El proyecto de la vicepresidenta Carmen Calvo hace un uso del lenguaje que evita a toda costa mencionar la identidad sexual y hasta a las personas trans. Algunos términos, como “hombre transexual”, parecen especialmente prohibidos y se recurre a elipsis para no mencionarlos (art. 40.3) o directamente se elimina la sección del borrador previo que regulaba sus derechos sexuales y reproductivos como la reproducción asistida o el aborto.
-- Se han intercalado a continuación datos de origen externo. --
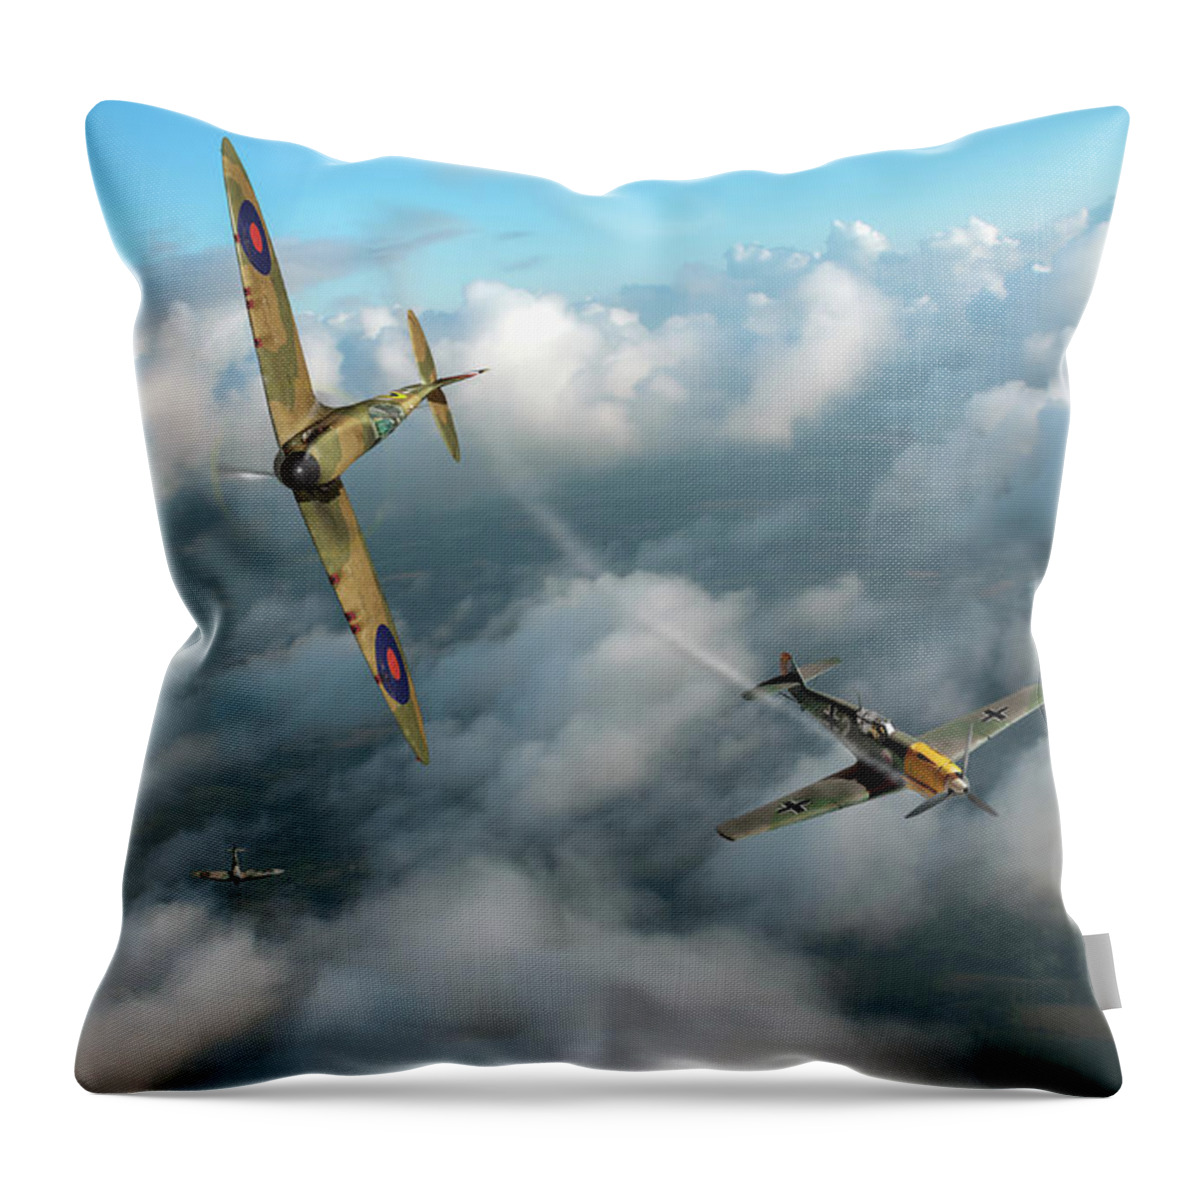 Spitfire Throw Pillow featuring the photograph Battle of Britain Spitfire shoots down Messerschmitt Bf 109 by Gary Eason

Esta parece de hecho la tónica general de respuesta ante la polémica: el enmascaramiento o la omisión sobre asuntos como los tratamientos sanitarios (indefinición), la asistencia y acompañamiento a las personas menores trans (nada se dice) o las medidas para la inclusión laboral (‘se promoverá’)… Lo que iba a ser una ley normativa y clarificadora del tratamiento a nivel nacional es ahora un proyecto de ley programático, que si no se concreta en la tramitación de los ministerios y del Congreso puede terminar generando un decenio de conflictos en los tribunales hasta que se aclare el alcance y contenido de las declaraciones de buenas intenciones.
Puede que el anteproyecto que se aprueba en el Consejo de Ministros sea una victoria de la diversidad y de los derechos humanos. Puede que contenga enunciados que puedan terminar por ser herramientas efectivas en la restauración de la igualdad y la dignidad de gais, lesbianas, bisexuales, trans e intersex. Pero se han hecho concesiones fatales al buenismo y a una engañosa equidistancia que tal vez terminarán por abandonar a su suerte a otra generación de personas trans, a las manifestaciones de identidad no binaria… Un detalle preocupante: esta iba a ser una ley de rango orgánico y aplicación preferente para asegurar y blindar el desarrollo de los derechos constitucionales de las personas LGBTI; ahora es un proyecto de ley ordinaria que no modifica ley orgánica u ordinaria alguna y que deja la patata caliente en manos de la voluntad de las Comunidades Autónomas, en un momento en el que la señora Ayuso se aviene a “reformar” las leyes LGBTI autonómicas “al estilo húngaro”. Hoy se da un paso, pero esta batalla no ha concluido. La guerra por la igualdad parece ser eterna. Firmeza y alianza del movimiento feminista y LGBTIQA+ hasta el triunfo de la razón y del corazón.